Foucault charts the development not just of the process of observation but of the institutions in which it operates. The perfect disciplinary institution, he argues, is that in which everything can be seen at once: this is a clear reference to the Panopticon discussed in the next section. The way Foucault links the development of observatories to scientific developments shows his early interest in the history of science, but also one of the major criticisms of his work: that he puts theory before evidence. Whether such observatories were designed, or whether military camps actually operated in the way he describes is uncertain. This is perhaps unnecessary to the overall argument, which depends more on Foucault's philosophical interpretation of society than on historical evidence.

The discussion of the norm returns to the point made in Foucault's discussion of the judicial inquisition: that the status of judgment changed in the pre-modern period. Judgment now concerns an arbitrary standard: pupils, soldiers and prisoners are observed and measured against this standard. What is normal is good, and what is abnormal is bad and must be corrected. Penality becomes about correcting deviations from the norm, organizing people into ranks and classifications according to their "normality". For Foucault, the norm is an entirely negative and harmful idea that allows the oppression and silencing of deviants and the "abnormal." The aim of Discipline and Punish is to show how unnatural this process is.

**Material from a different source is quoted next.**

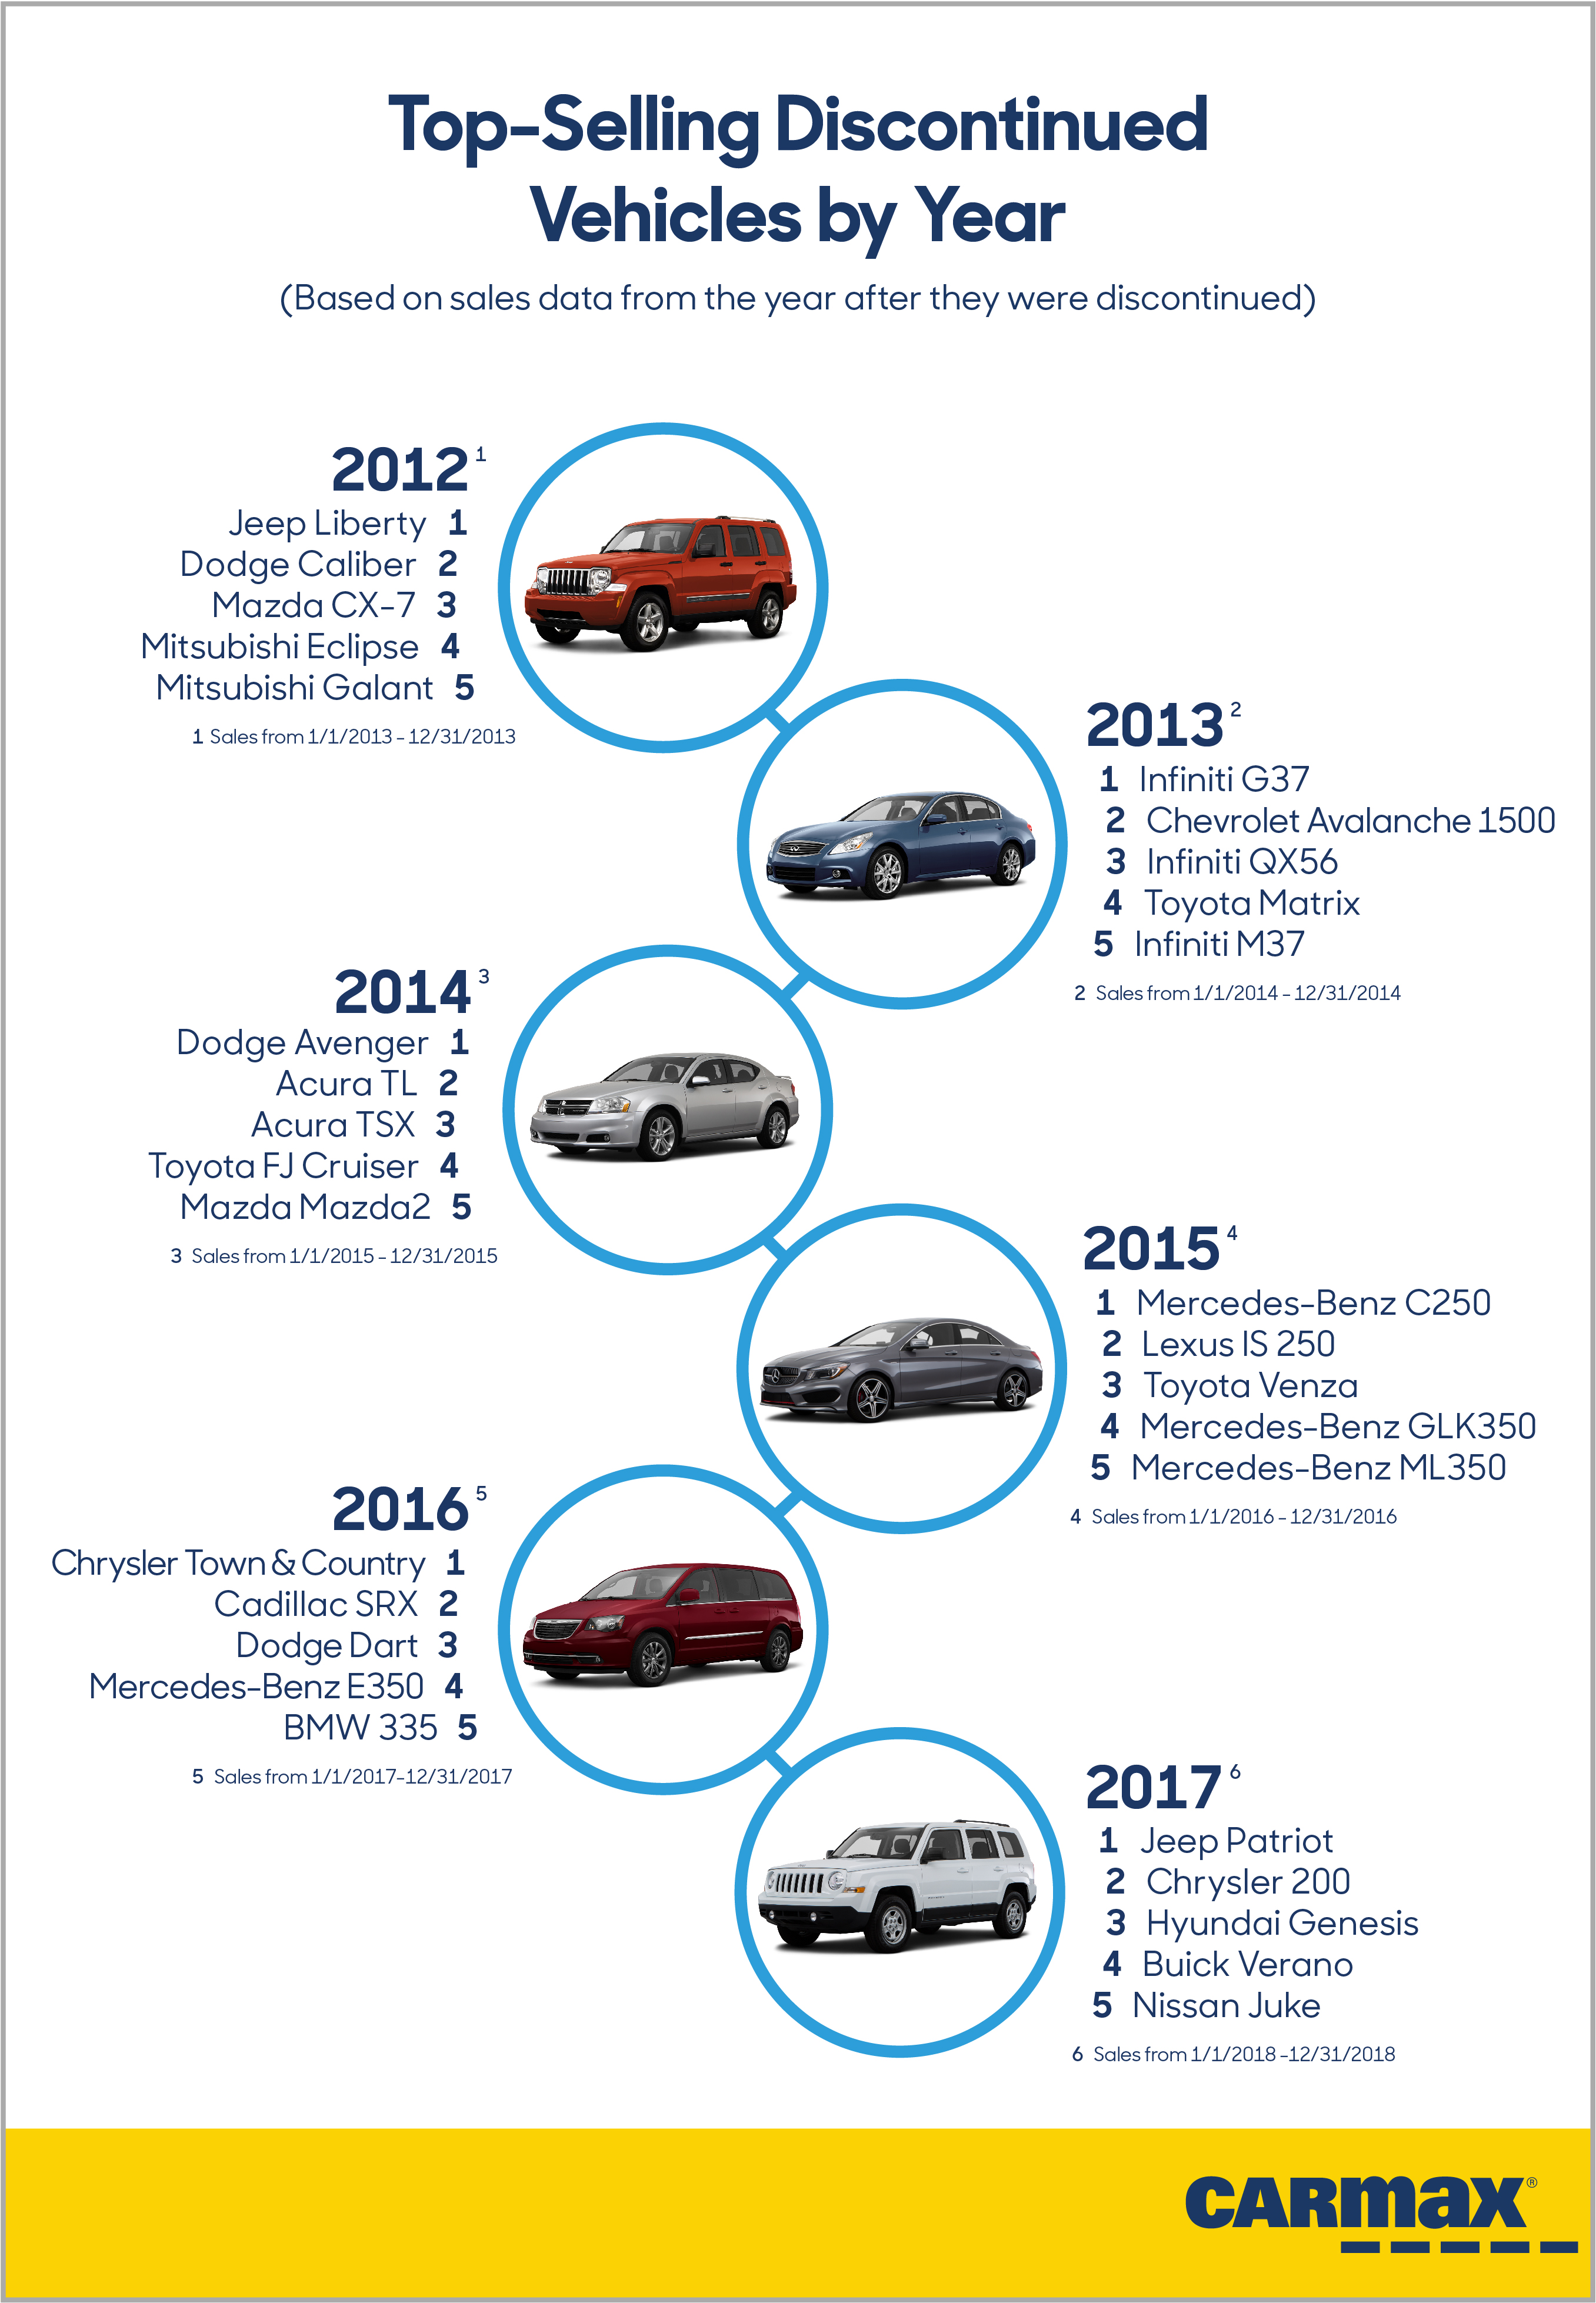 Discontinued Vehicles

Examination unites the processes of observation and normalization. It covers both the school exam and the medical examination, and was developed only in the eighteenth century. In an examination, the individual is looked at, written about and analyzed. There are similarities here with the concept of the "clinical gaze" that Foucault relates in his history of medicine, The Birth of the Clinic.

Foucault's negative conception of individuality is important. Advertising and the mass media tend to praise people seen as "individuals," but for Foucault the individual is a harmful device constructed by power. The more abnormal and excluded you are, the more individual you become. Individuality is the mark of the mental patient and the convict. It has nothing to do with taking control over one's own life. To free the excluded and allow them to speak, we need either to make them anonymous, or to expose the structures that separate them from "normal" society.